◆ Work request: Quote every line below exactly and skip any picture.

◆ Given data:
Segment Open

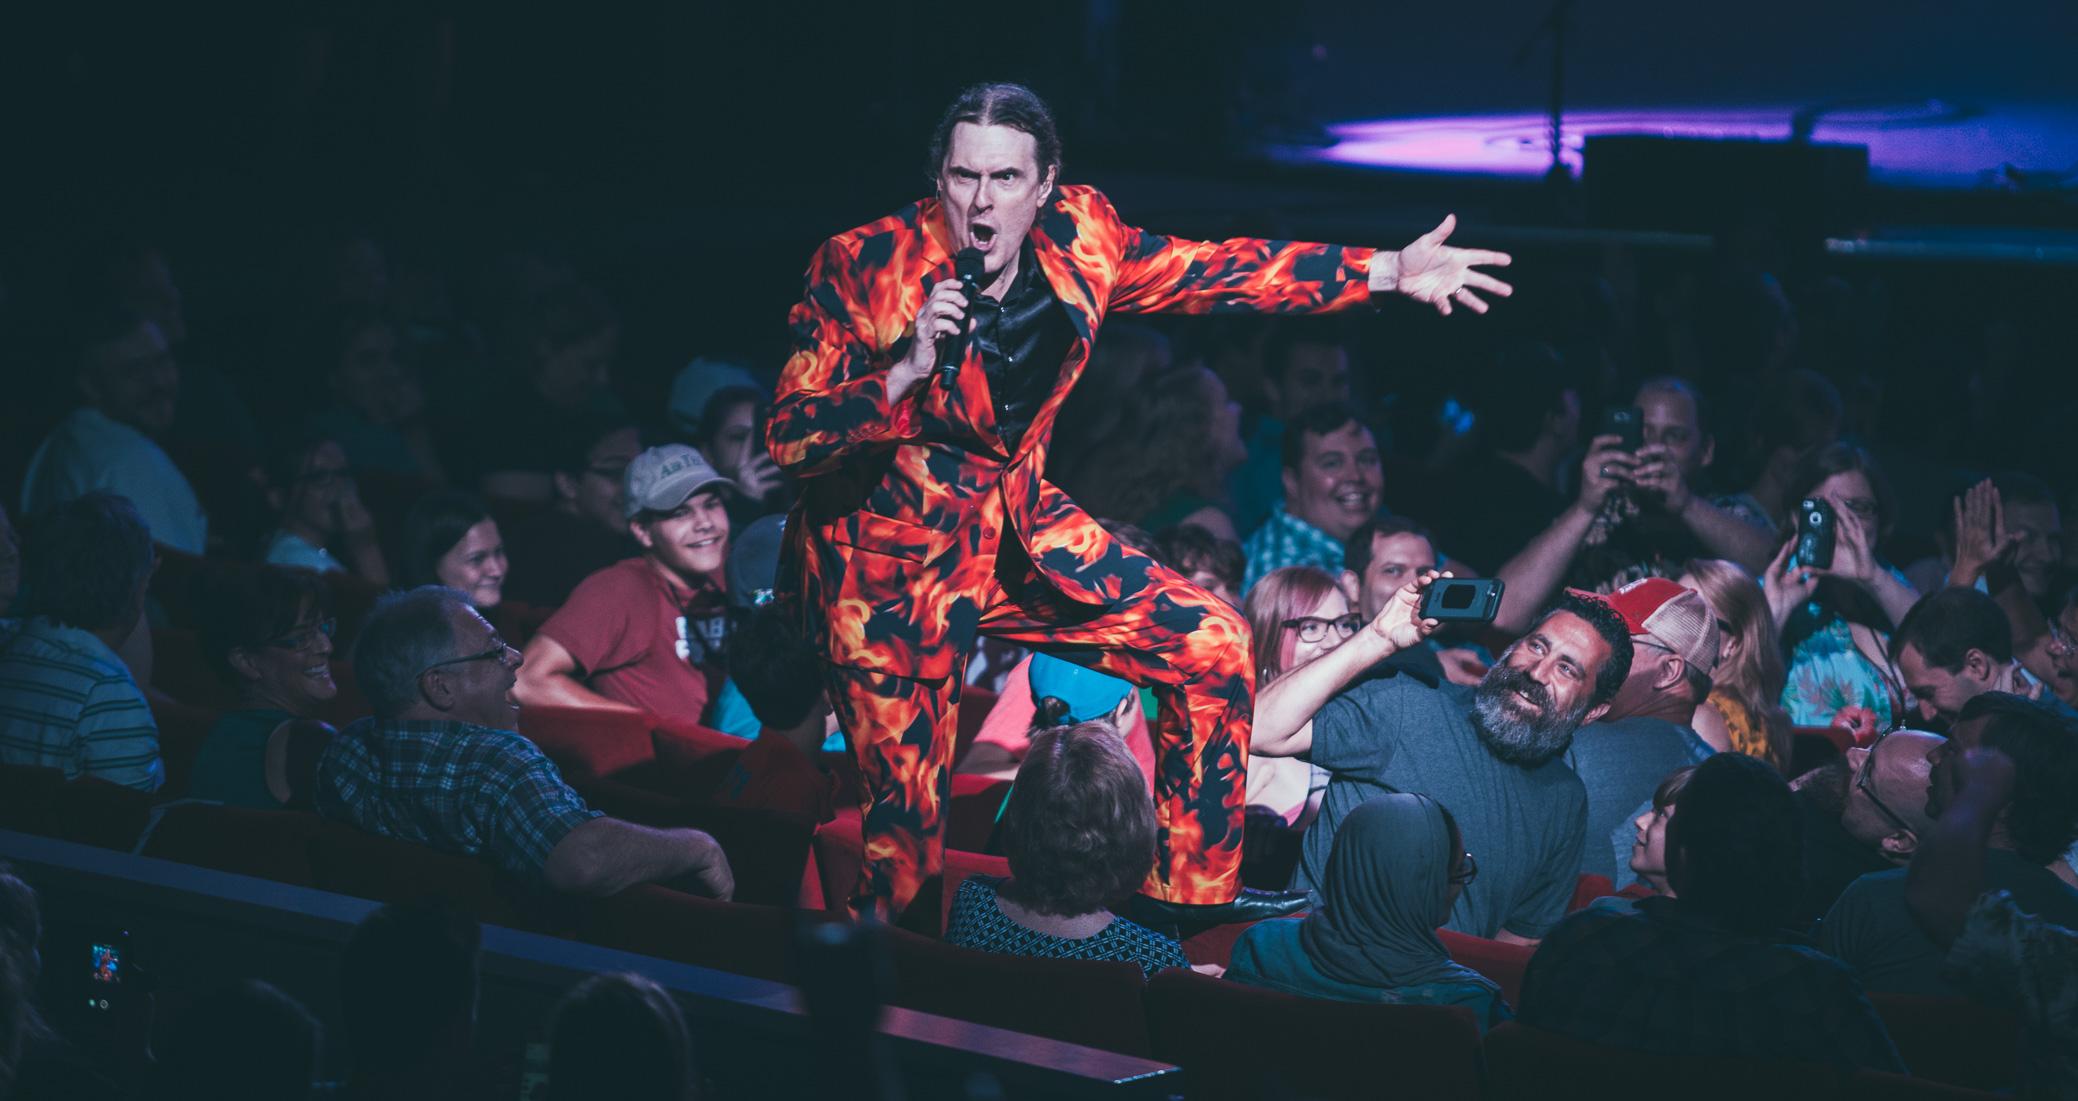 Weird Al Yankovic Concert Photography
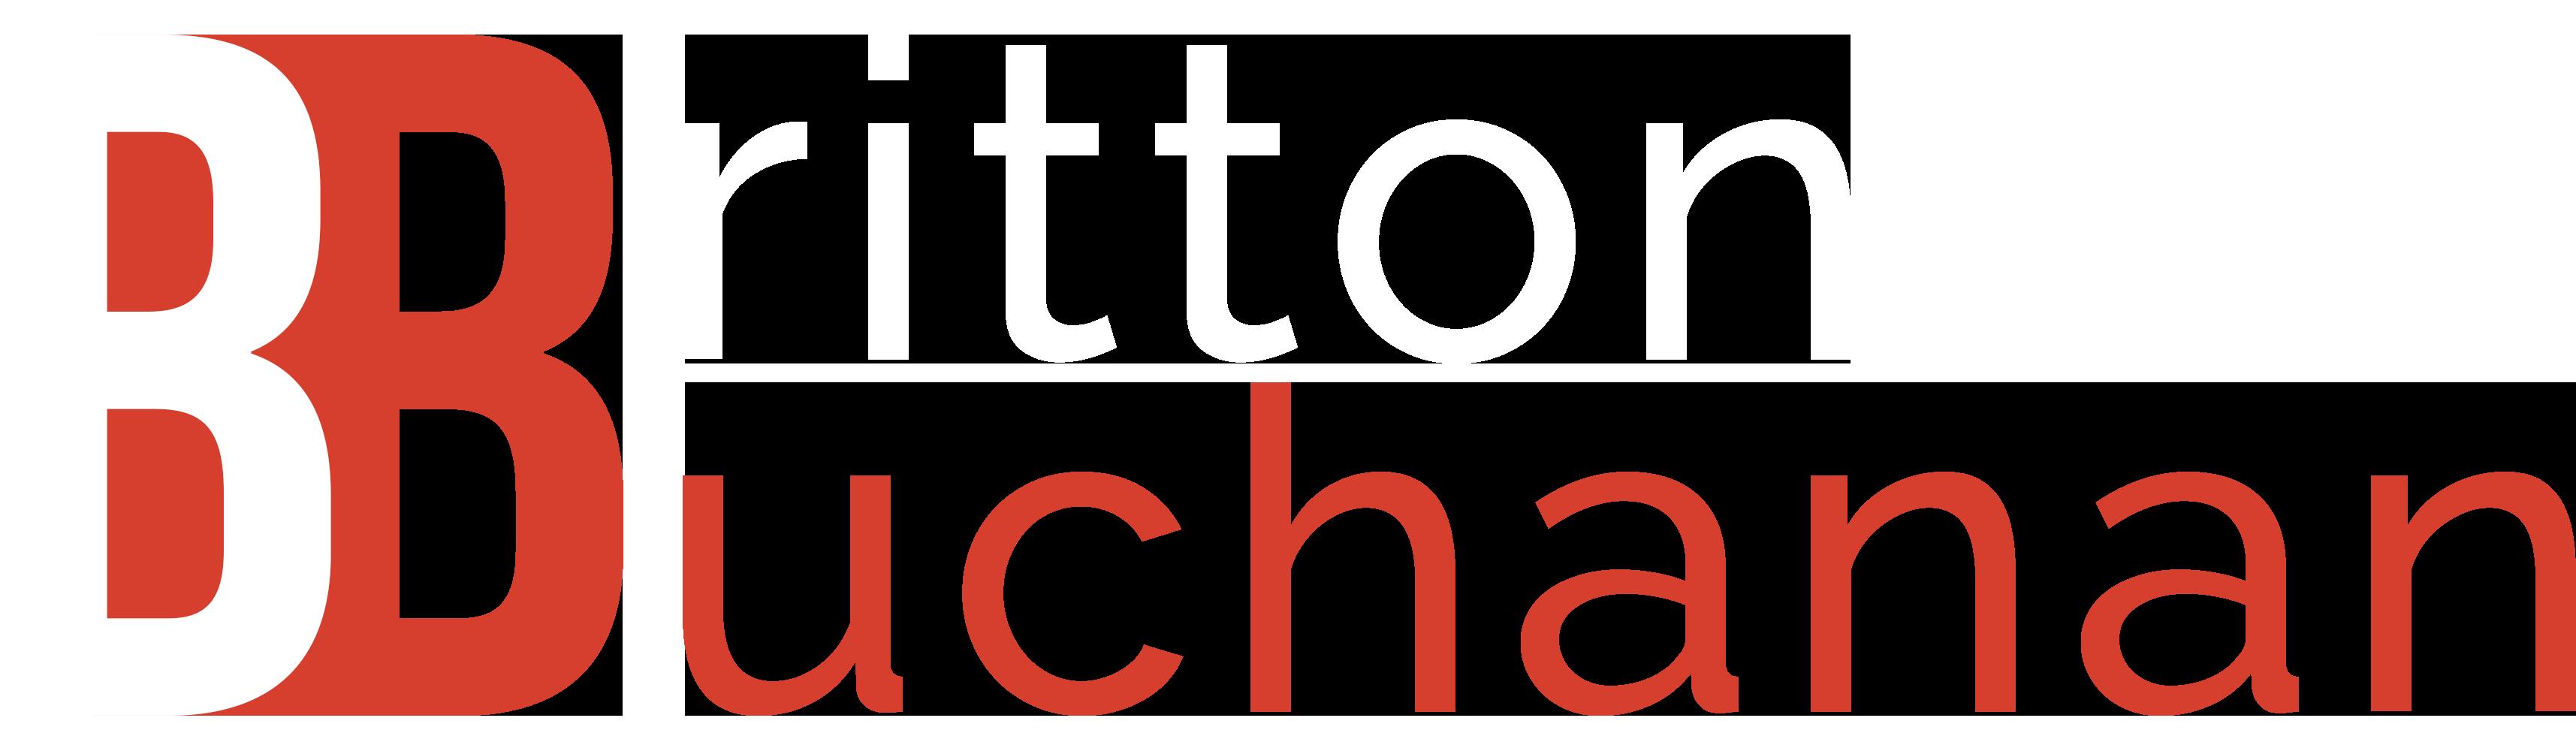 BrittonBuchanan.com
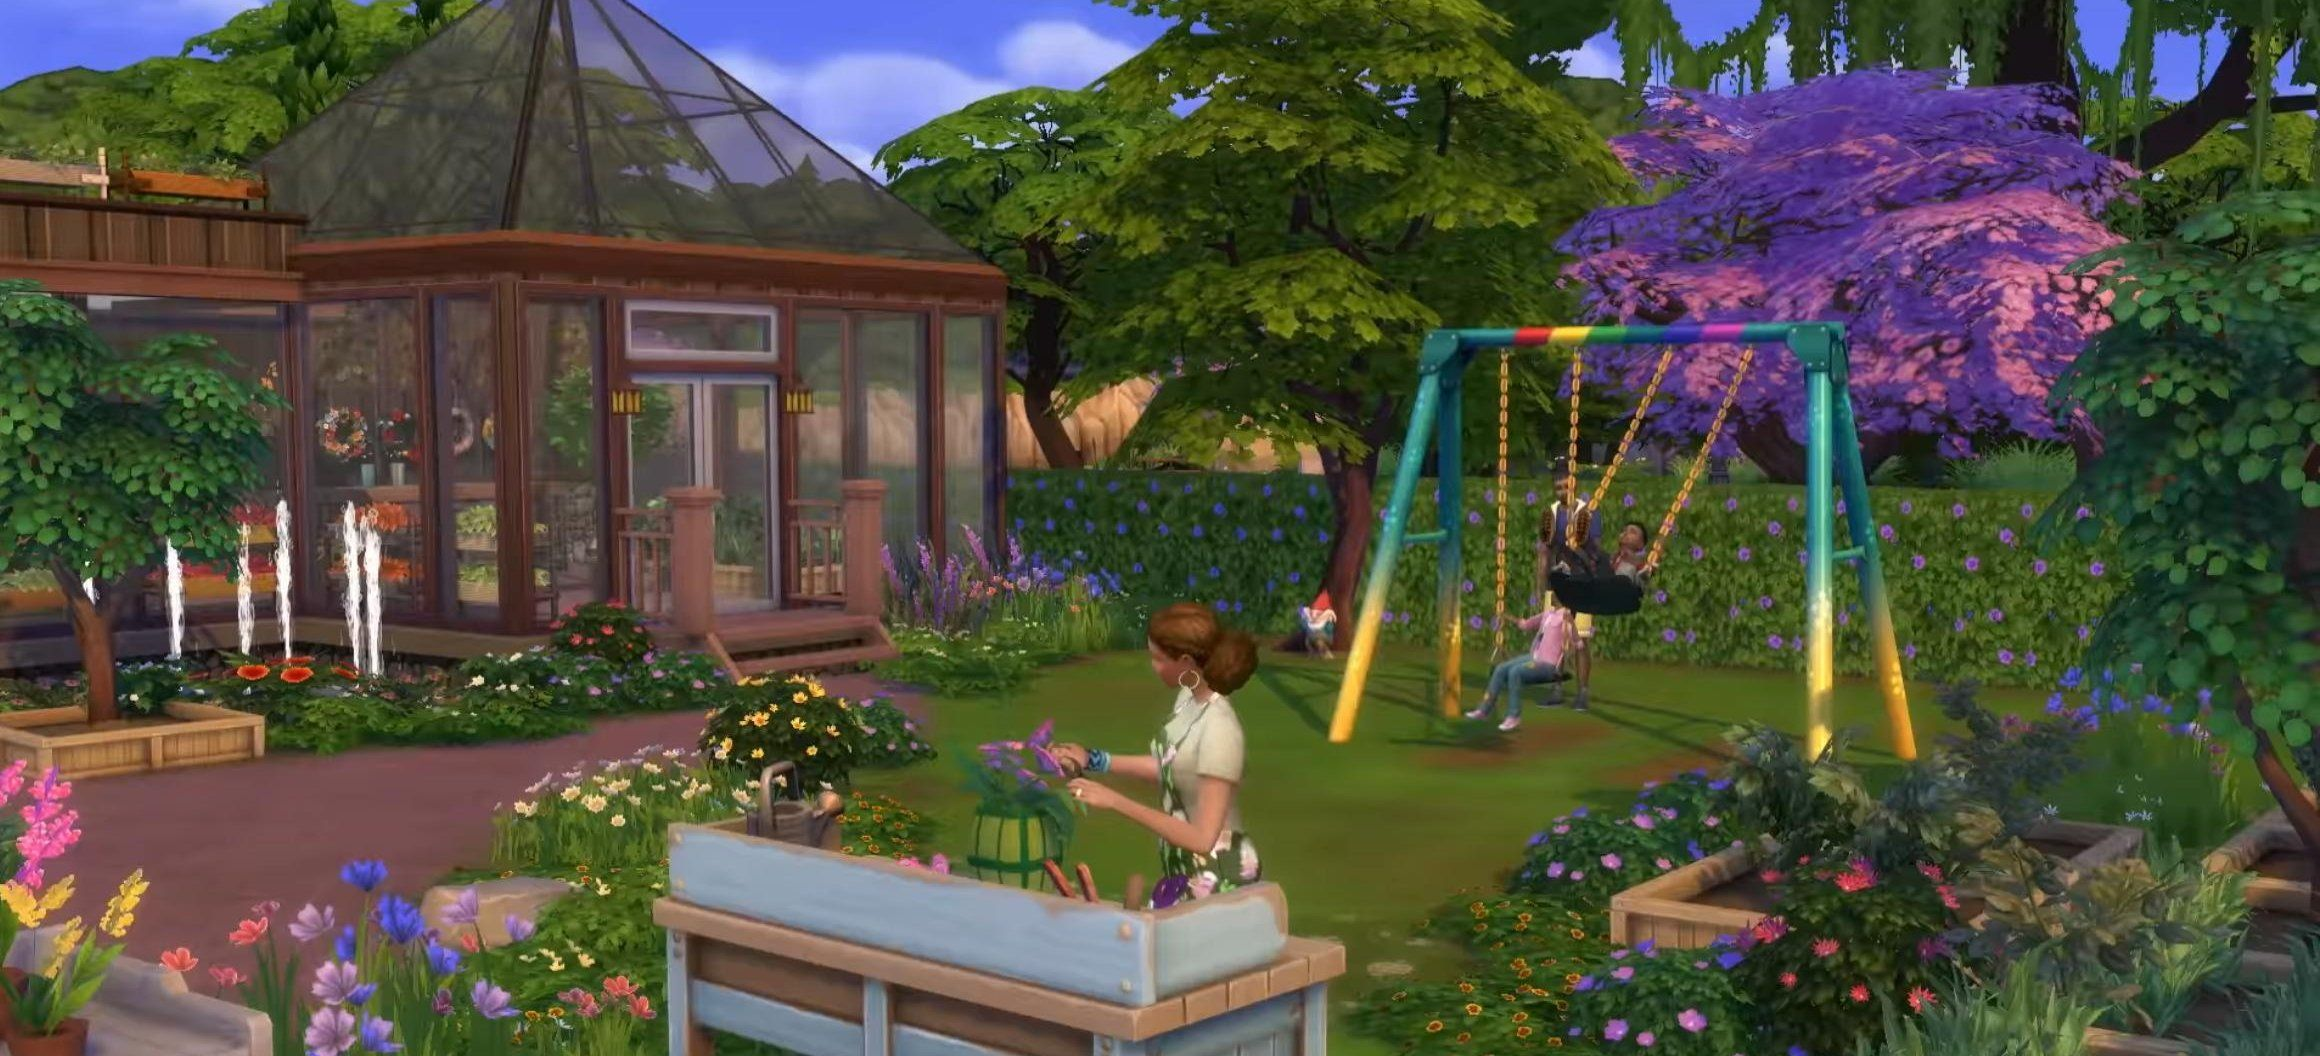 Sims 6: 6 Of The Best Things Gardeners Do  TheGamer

Segment Closed

◆ Expected answer:
 Weird Al Yankovic Concert Photography
 BrittonBuchanan.com
 Sims 6: 6 Of The Best Things Gardeners Do  TheGamer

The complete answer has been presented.